To this end, we propose a novel approach for graph self-supervised learning that is corruption-free and requires the computation of only a single view of the graph representation. Furthermore, for graphs that are too large to fit into GPU memory, we leverage recent advances in sub-sampling for GNN training to derive a principled approach for self-supervised training on large graphs. We demonstrate the effectiveness of our approach by evaluation on popular graph datasets. 

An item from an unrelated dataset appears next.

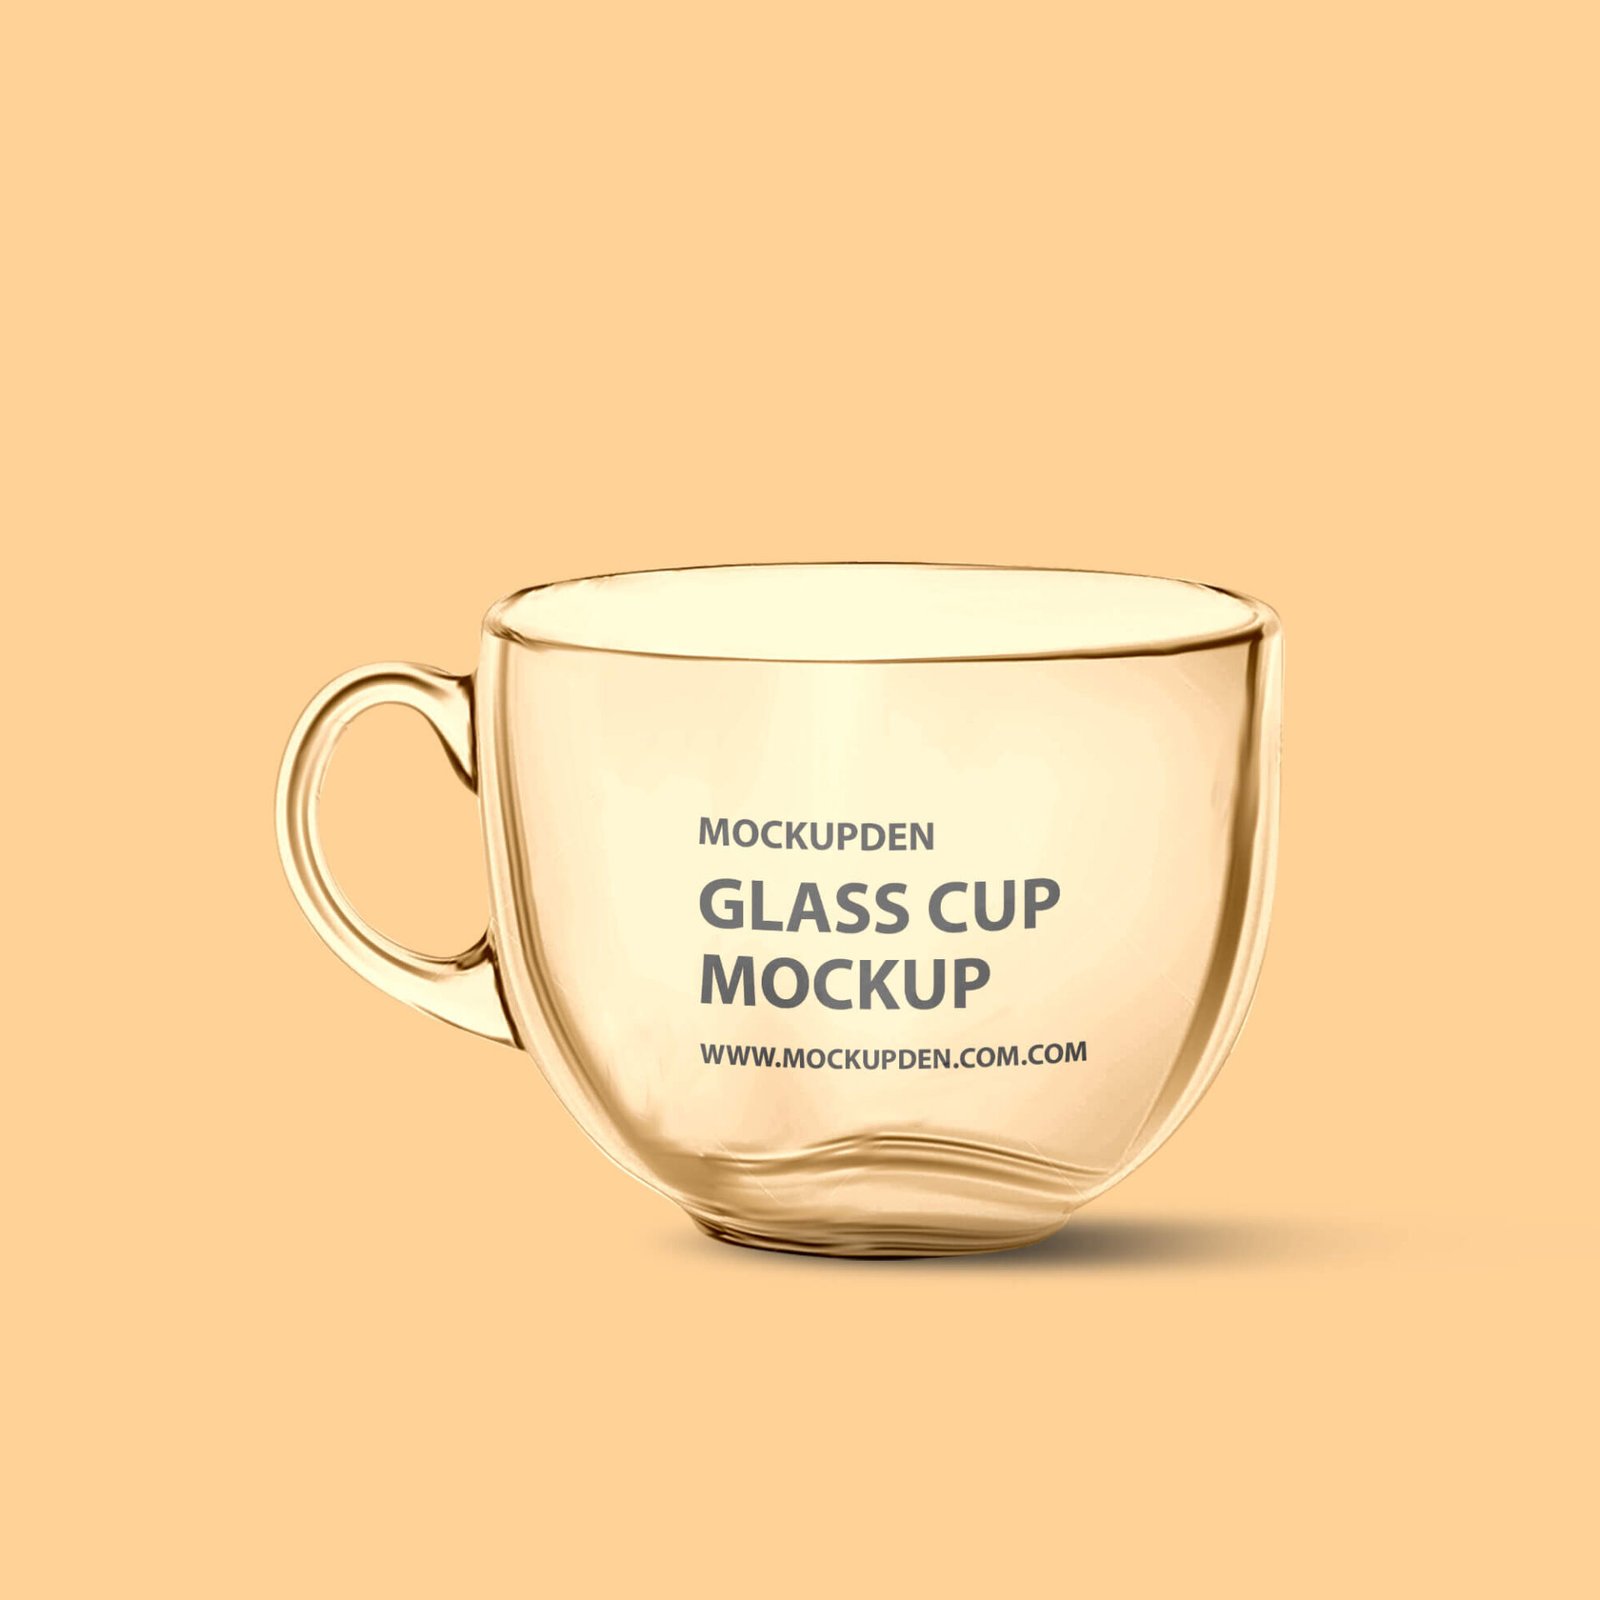 Download Free Glass Cup Mockup PSD Template - Mockup Den

Prior competitive self-supervised learning methods for graphs largely follow the same line of thinking: generate multiple views of the graph via corruption, and perform contrastive learning on positive/negative instances from different views. DGI proposes to contrast global view and local view of the graph through corruption function such as node shuffling. GraphCL uses node dropping, edge perturbation, attribute masking, subgraphing. GRACE uses edge dropping and node masking to generate corrupted graph views, and uses the same nodes across graph views as positive instances and different nodes from intra-view and inter-view as negative instances. GraphMAE uses the reconstruction objective, corrupts the graph view through masking and uses a GNN-encoder and another GNN-decoder to reconstruct the masked features. 

It is not clear whether the corrupted view of the graph should be positive or negative example for learning. We propose an alternative view of self-supervised learning for graphs, that is to view all nodes as soft positive/negative instances for a given node. We leverage the PPR matrix as a measure of relative importance, and argue that it is an excellent soft label for contrastive learning.